* [Material for the task]

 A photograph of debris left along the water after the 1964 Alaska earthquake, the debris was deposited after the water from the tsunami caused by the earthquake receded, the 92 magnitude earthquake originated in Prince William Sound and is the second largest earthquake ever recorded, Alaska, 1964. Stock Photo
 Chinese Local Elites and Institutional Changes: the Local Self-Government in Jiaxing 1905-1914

---

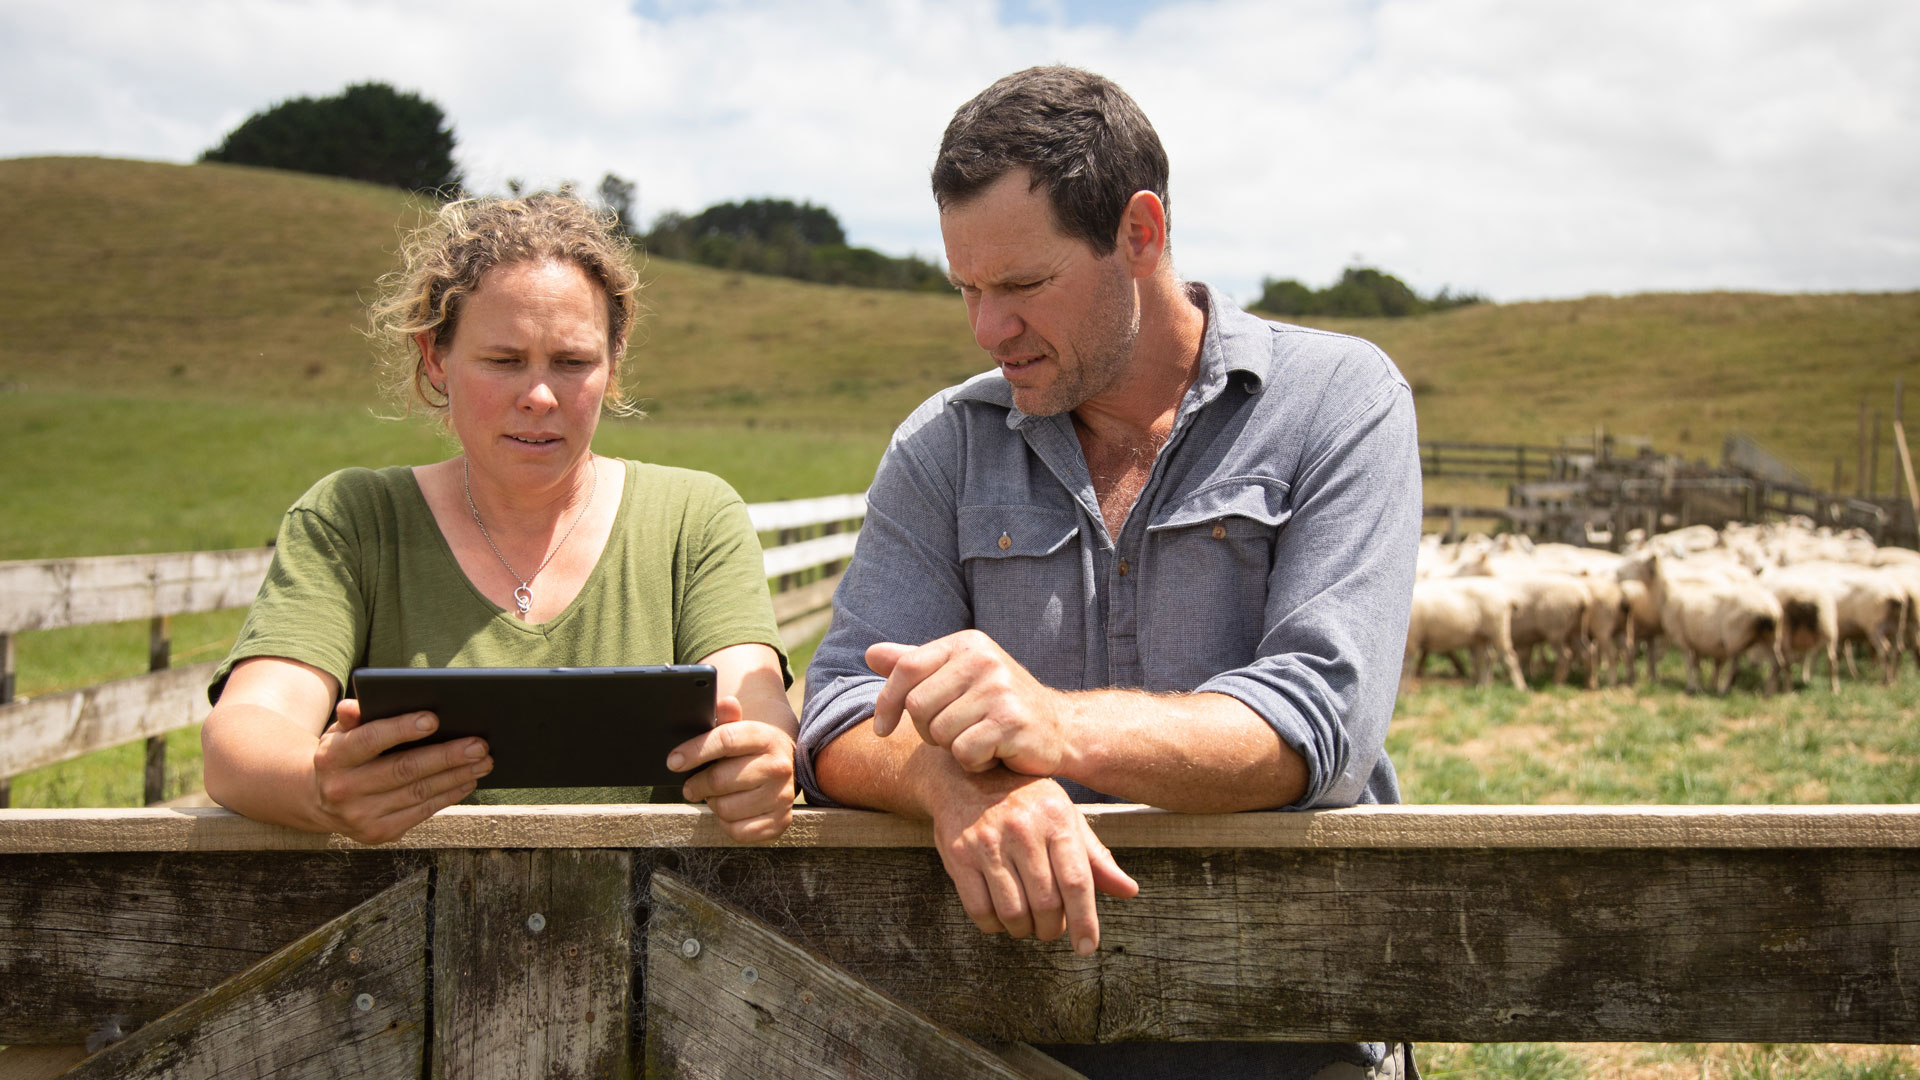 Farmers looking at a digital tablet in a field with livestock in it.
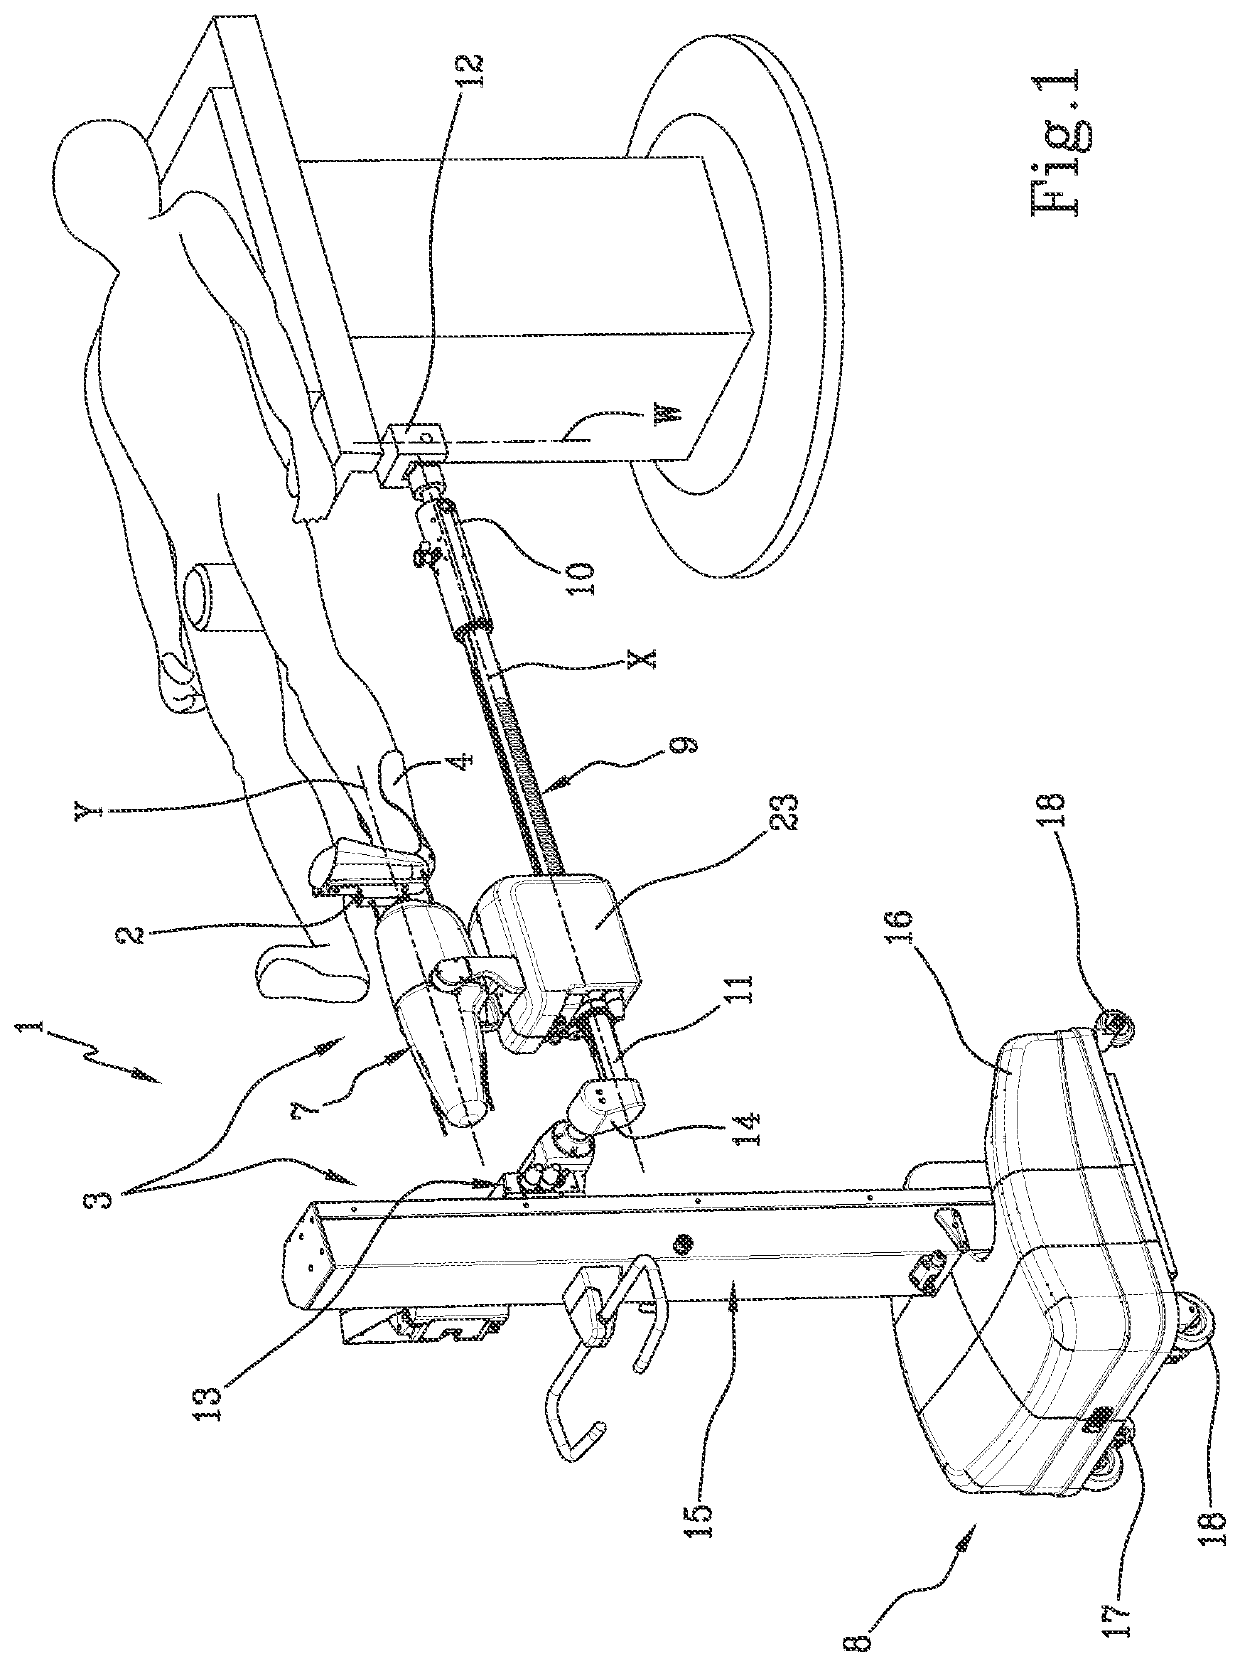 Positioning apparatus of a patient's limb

==

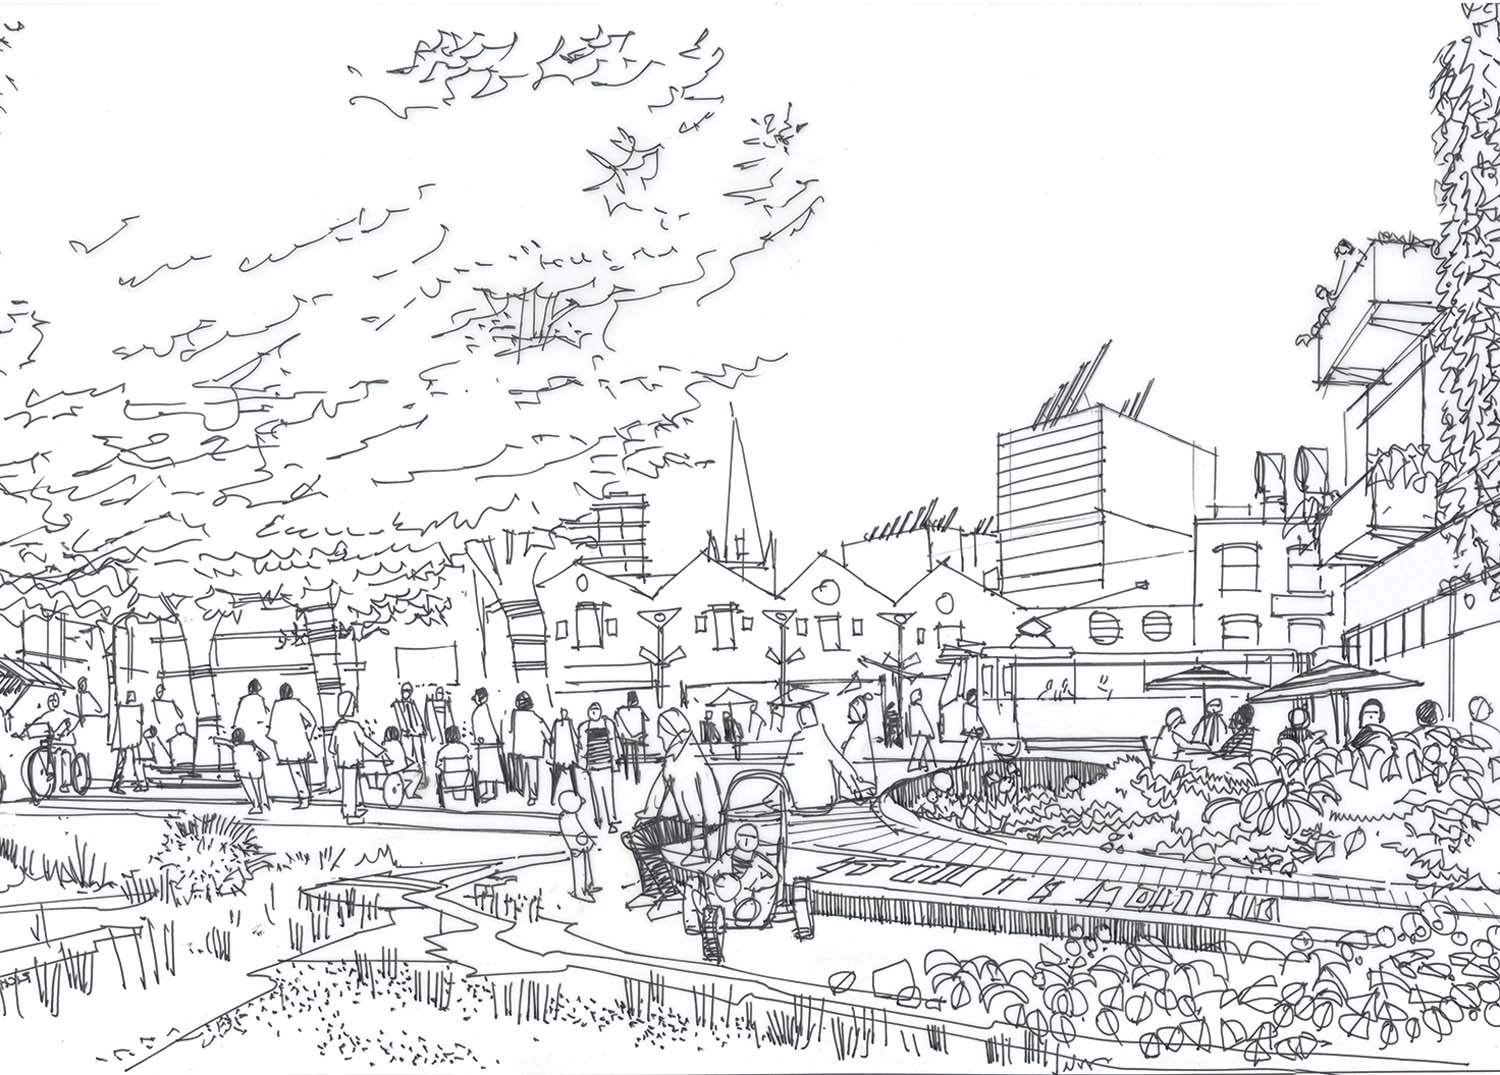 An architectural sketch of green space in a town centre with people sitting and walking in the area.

* [Work order] Taking the entries above, print exactly the lines starting at the line with "A photograph of" and ending at the line with "Chinese Local Elites", both included.

* [Solution for this task]
 A photograph of debris left along the water after the 1964 Alaska earthquake, the debris was deposited after the water from the tsunami caused by the earthquake receded, the 92 magnitude earthquake originated in Prince William Sound and is the second largest earthquake ever recorded, Alaska, 1964. Stock Photo
 Chinese Local Elites and Institutional Changes: the Local Self-Government in Jiaxing 1905-1914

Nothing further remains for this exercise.